Any information received by district staff under this section is exempt from disclosure under the public records act (chapter 42.56 RCW) and may not be further disseminated except as provided in RCW 28A.225.330, other statutes or case law, and the family and educational and privacy rights act of 1994 (20 U.S.C. Sec. 1232g et seq.).
A student committing an offense under chapter 9A.36 (assault), 9A.40 (kidnapping, unlawful imprisonment, custodial interference, luring, trafficking, and coercion of involuntary servitude), 9A.46 (harassment), or 9A.48 RCW (arson, reckless burning, and malicious mischief) when the activity is directed toward the teacher, shall not be assigned to that teacher’s classroom for the duration of the student’s attendance at that school or any other school where the teacher is assigned.
A student who commits an offense under chapter 9A.36 (assault), 9A.40 (kidnapping, unlawful imprisonment, custodial interference, luring, trafficking, and coercion of involuntary servitude), 9A.46 (harassment), or 9A.48 RCW (arson, reckless burning, and malicious mischief), when directed toward another student, may be removed from the classroom of the victim for the duration of the student’s attendance at that school or any other school where the victim is enrolled.
Students and school employees who are subjects of threats of violence or harm will be notified of the threats in a timely manner. “Threats of violence or harm” means direct or indirect communications by any means of the intent to inflict physical harm upon a specific individual or individuals or that place a person in fear of the imminent likelihood of serious harm.
The district will assess and address potential threats of violence or harm in a manner consistent with Board Policy No. and Superintendent Procedure 3225, School-Based Threat Assessment, other safety policies, and comprehensive safe school plans.
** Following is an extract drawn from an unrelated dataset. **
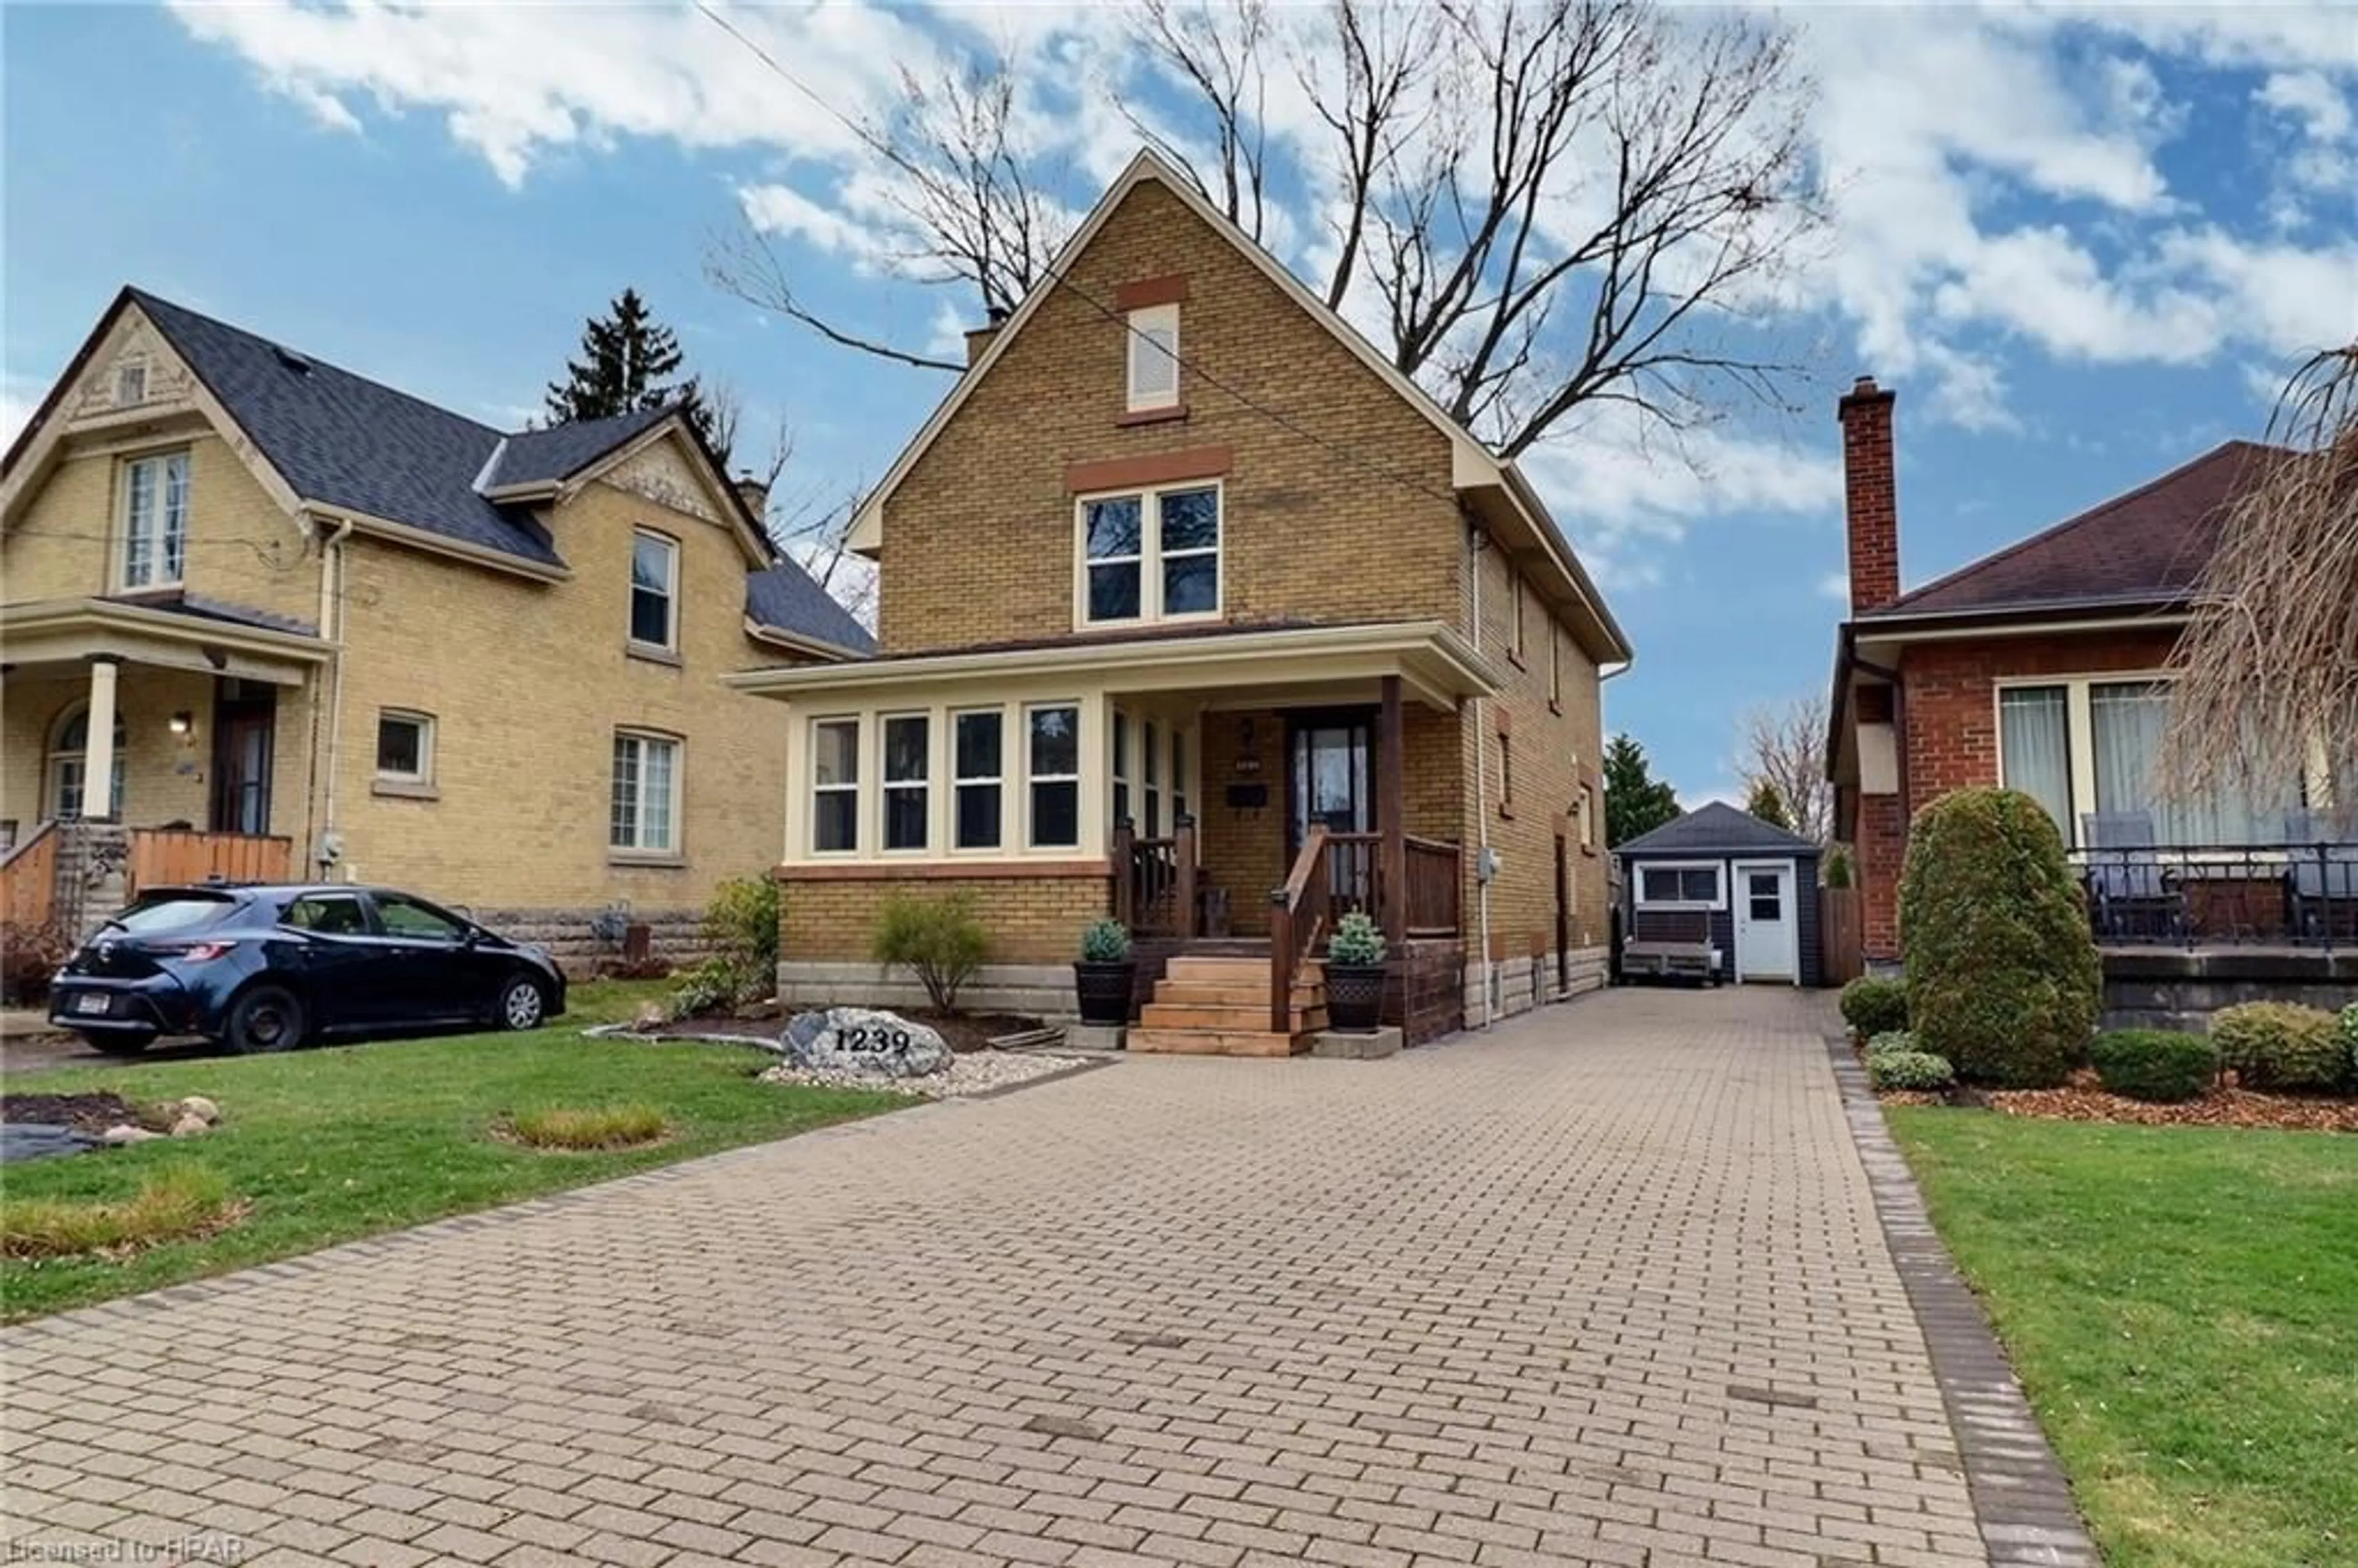 Home with brick exterior material for 1239 King St, London Ontario N5W 2Y3

In instances where the threat is deemed imminent, moderate risk or high risk, or requires further intervention to prevent violence or serious harm, the school administrator shall notify the parent and/or guardian of any student who is the target/recipient of a threat as well as the parent and/or guardian of any student who made the threat. The district will ensure that the notice is in a language the parent and/or guardian understands, which may require language assistance for parents or guardians with limited-English proficiency under Title VI of the Civil Rights Act of 1964.
If there is a specific and significant threat to the health or safety of a student or other individuals, the district may disclose information from education records to appropriate parties whose knowledge of the information is necessary. Timing and details of the notice will be as extensive as permitted by the federal Family Educational Rights and Privacy Act, other legal limitations, and the circumstances.
The district may use information about a threat of harm or violence in connection with student discipline consistent with Board Policy No. 3240, Student Behavior and Disciplinary Responses, and the Basic Rules of Seattle Public Schools.
The district, Board, school officials, and school employees providing notice in good faith as required and consistent with the Board’s policies are immune from any liability arising out of such notification. A person who intentionally and in bad faith or maliciously, knowingly makes a false notification of a threat under this section is guilty of a misdemeanor punishable under RCW 9A.20.021.
Any school district or district employee who releases the information in compliance with federal and state law is immune from civil liability for damages unless it is shown that the school district or district employee acted with gross negligence or in bad faith.
The Superintendent is authorized to develop procedures for this policy, as necessary.